(Beginning of The data)

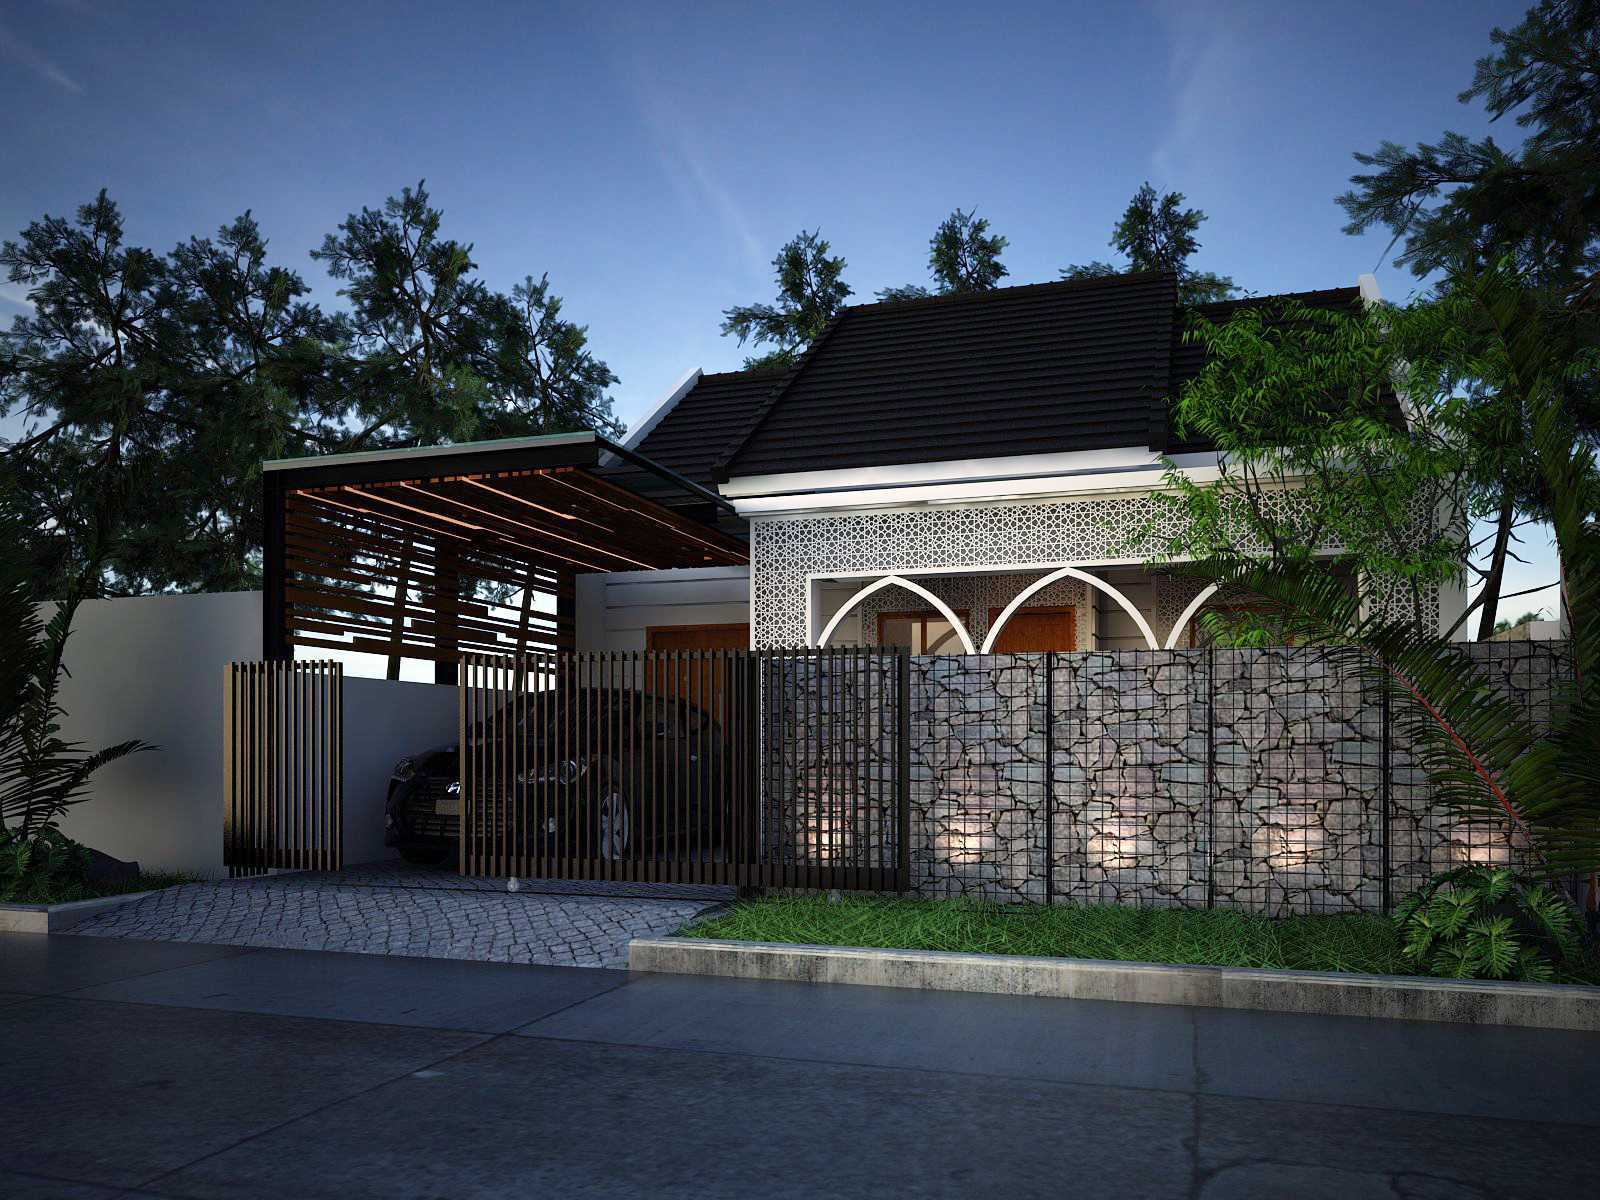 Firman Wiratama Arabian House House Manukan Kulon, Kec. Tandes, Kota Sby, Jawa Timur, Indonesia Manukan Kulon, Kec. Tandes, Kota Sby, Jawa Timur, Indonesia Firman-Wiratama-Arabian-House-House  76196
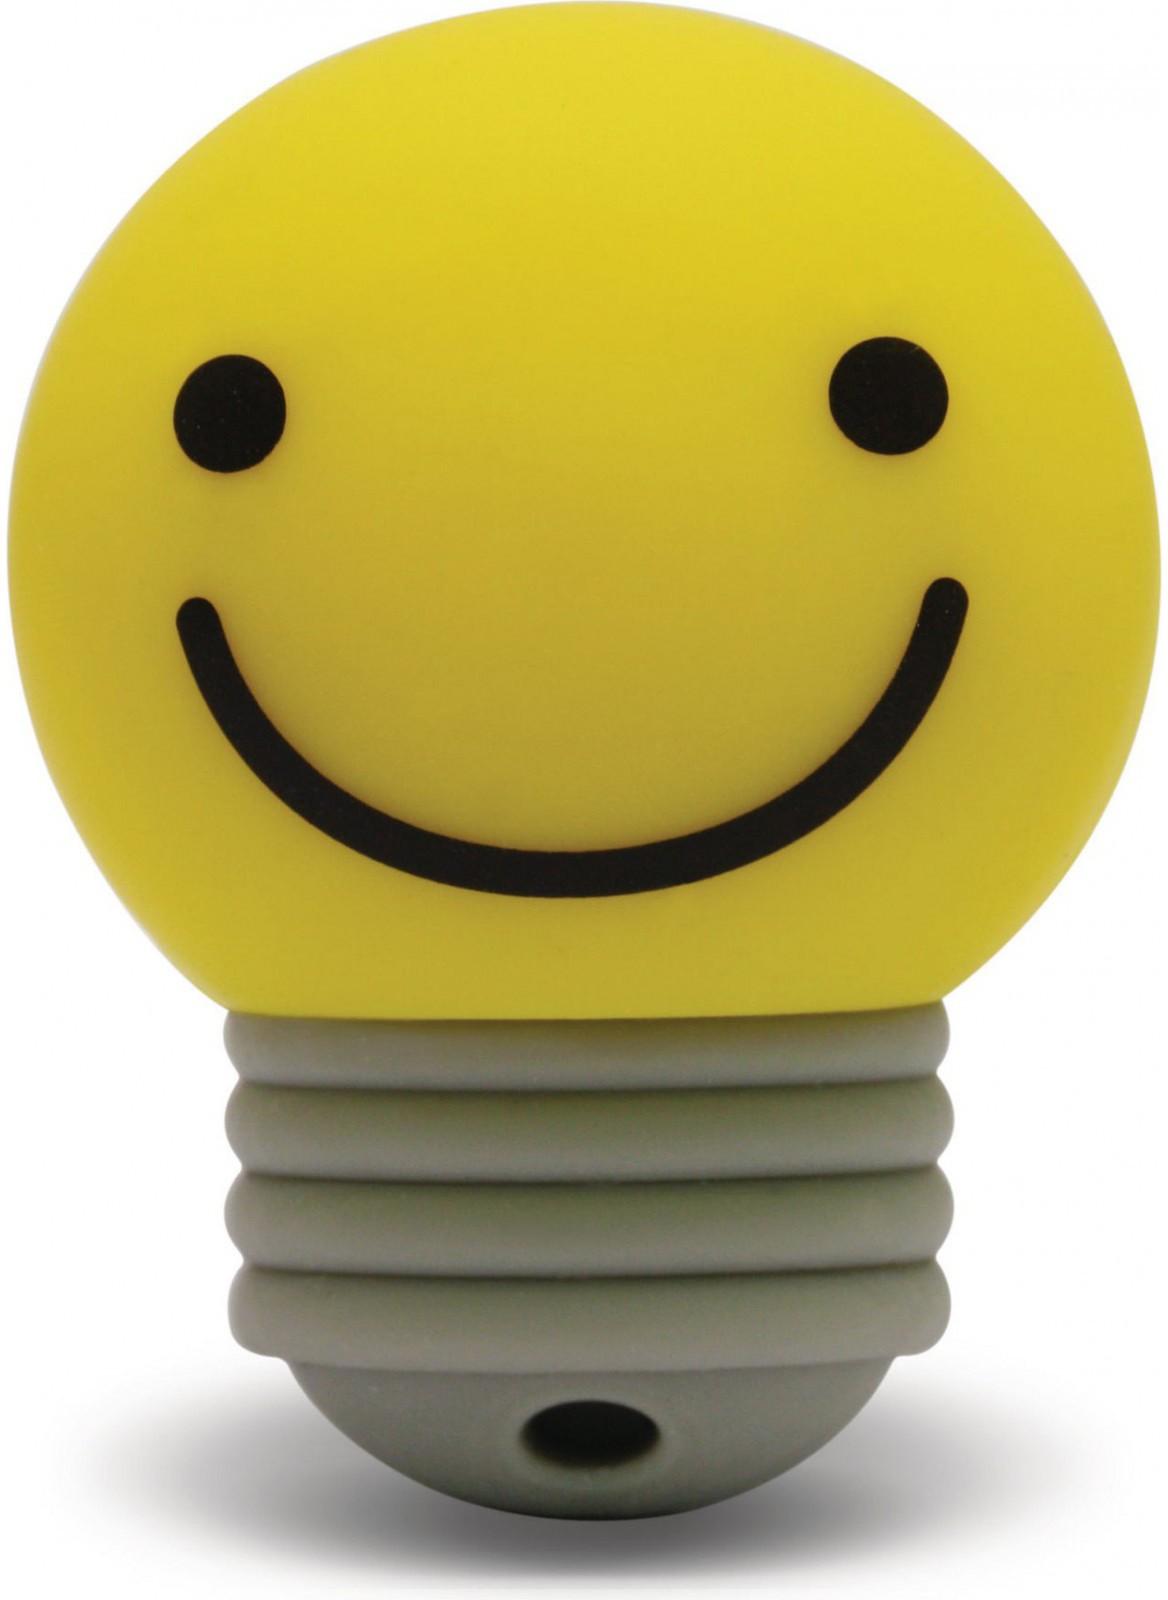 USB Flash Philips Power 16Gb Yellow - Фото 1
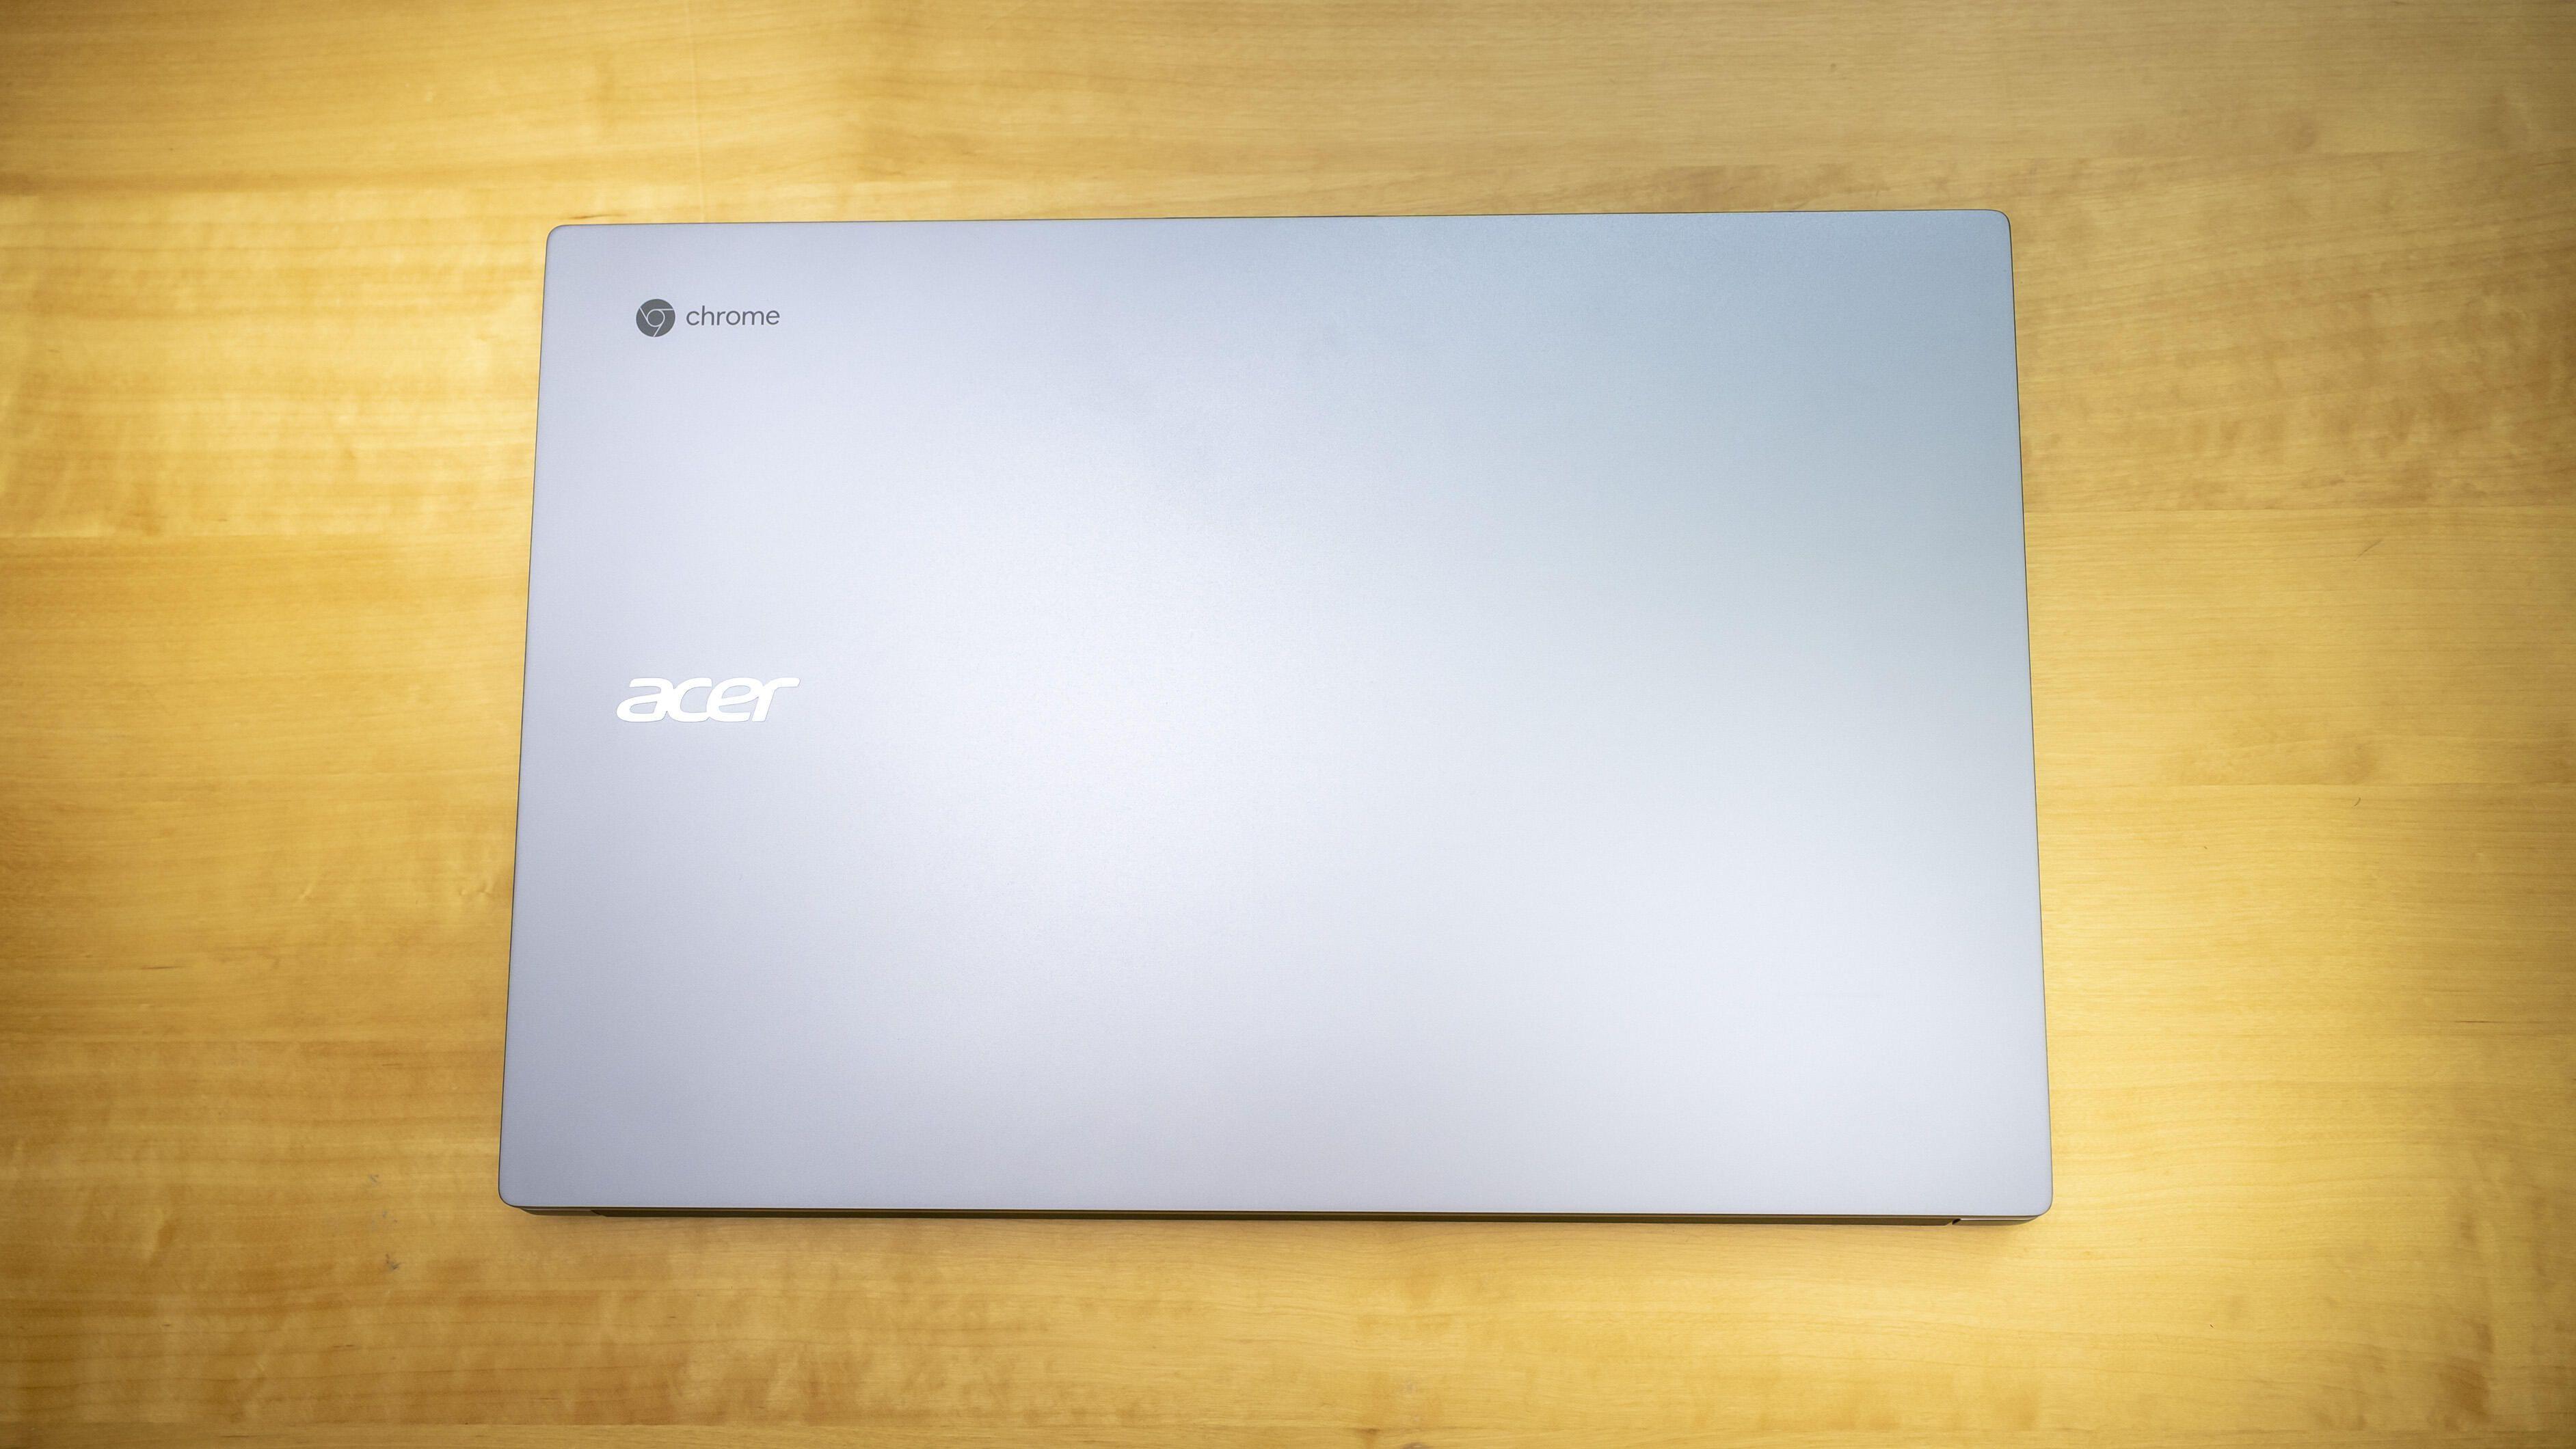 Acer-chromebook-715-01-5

(End of The data)

Repeat the listing above verbatim, but exclude the pictures it contains.

 Firman Wiratama Arabian House House Manukan Kulon, Kec. Tandes, Kota Sby, Jawa Timur, Indonesia Manukan Kulon, Kec. Tandes, Kota Sby, Jawa Timur, Indonesia Firman-Wiratama-Arabian-House-House  76196
 USB Flash Philips Power 16Gb Yellow - Фото 1
 Acer-chromebook-715-01-5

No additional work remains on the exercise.